- Born: March 3, 1966 Fort Thomas, Kentucky
- Died: March 24, 2013 (aged 47) Edgewood, Kentucky
- Occupation: Game designer
- Spouse: Kerry Breen

= Todd Breitenstein =

American tabletop game designer (born 1966)

Todd A. Breitenstein (March 3, 1966 – March 24, 2013) was a table-top game designer and co-founder of Twilight Creations.

==Early life==
Todd Breitenstein was born in Fort Thomas, Kentucky to John and Diane Breitenstein.

==Career==
In 2000, Breitenstein was working for the game division of Cincinnati-based United States Playing Card Company. While there he conceived of a game titled Zombies!!! At the 2001 Origins Awards, Zombies!!! won "Best Graphic Presentation of a Board Game."

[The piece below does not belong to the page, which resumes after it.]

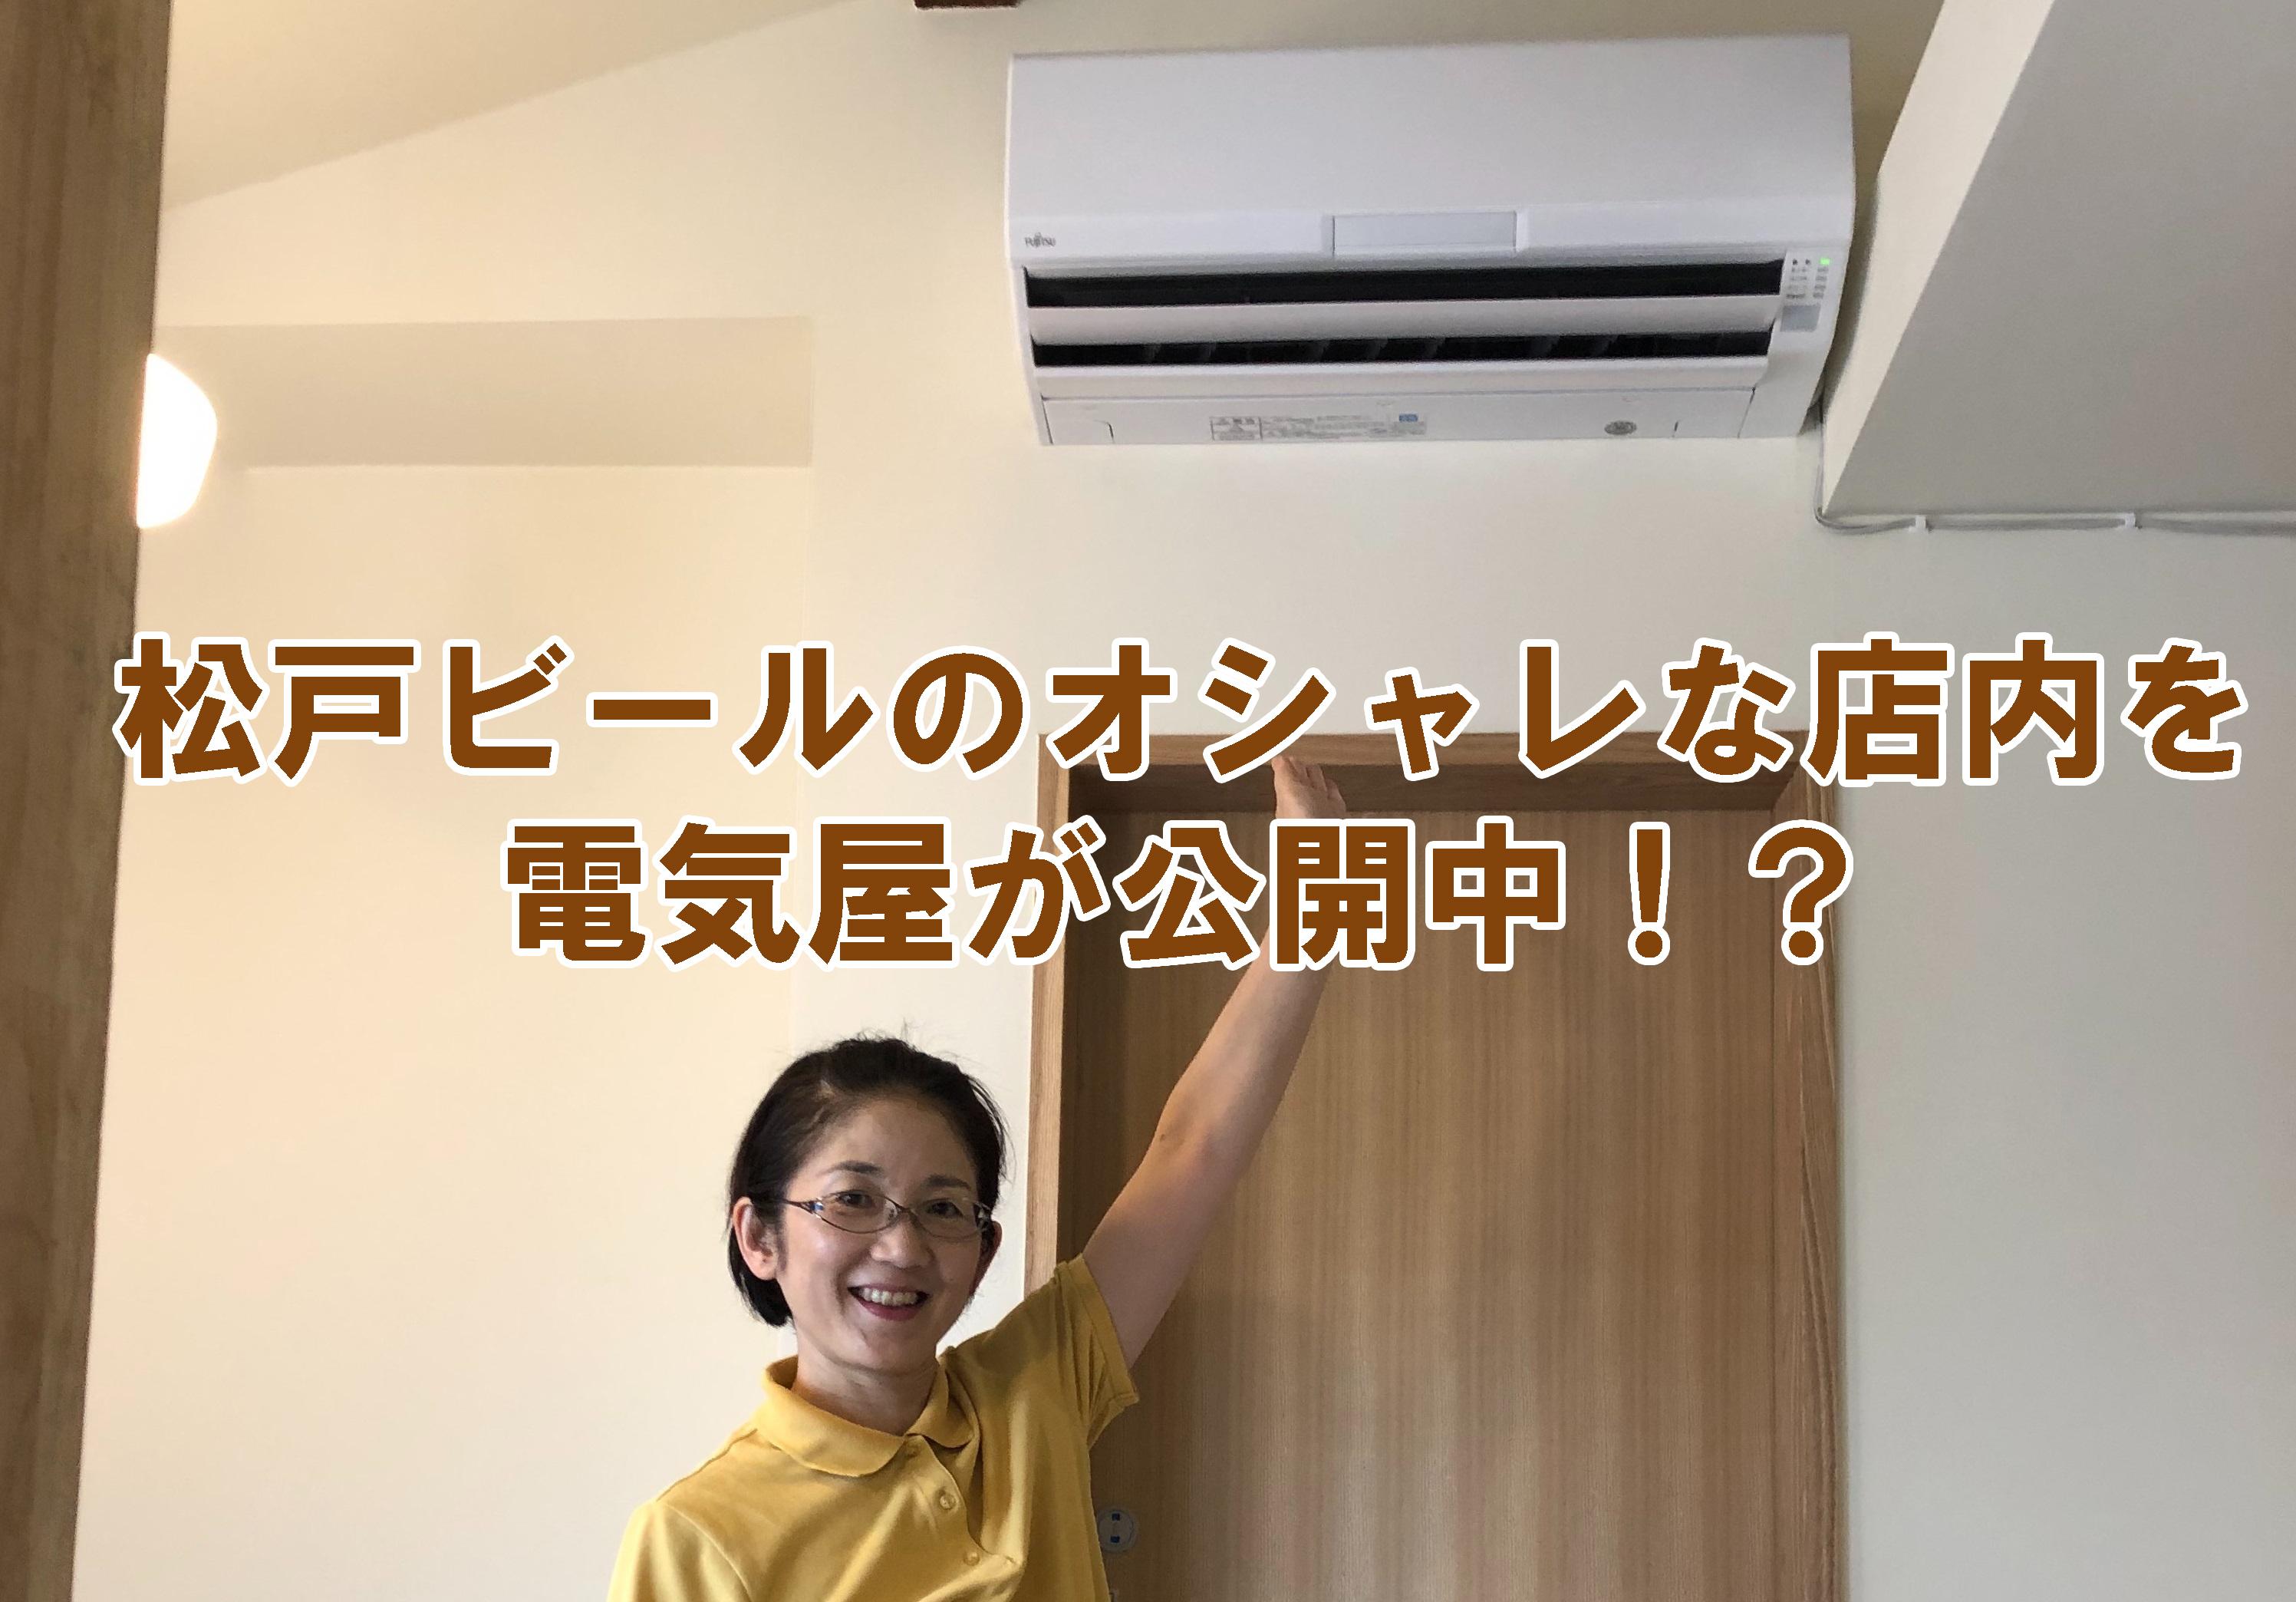 松戸ビール様にて空気がキレイなエアコンをお買い上げいただきました。

Breitenstein subsequently left US Playing Card Company in 2002 and with his wife Kerry, founded Twilight Creations, which was headquartered in Cold Spring, Kentucky. With Breitenstein as president, the company produced several expansions for Zombies!!!, including a new line, When Darkness Comes. He designed other games for the company, including Dante's Inferno (2003).

==Personal life==
Breitenstein and his wife Kerry had three children. Breitenstein died of cancer in 2013.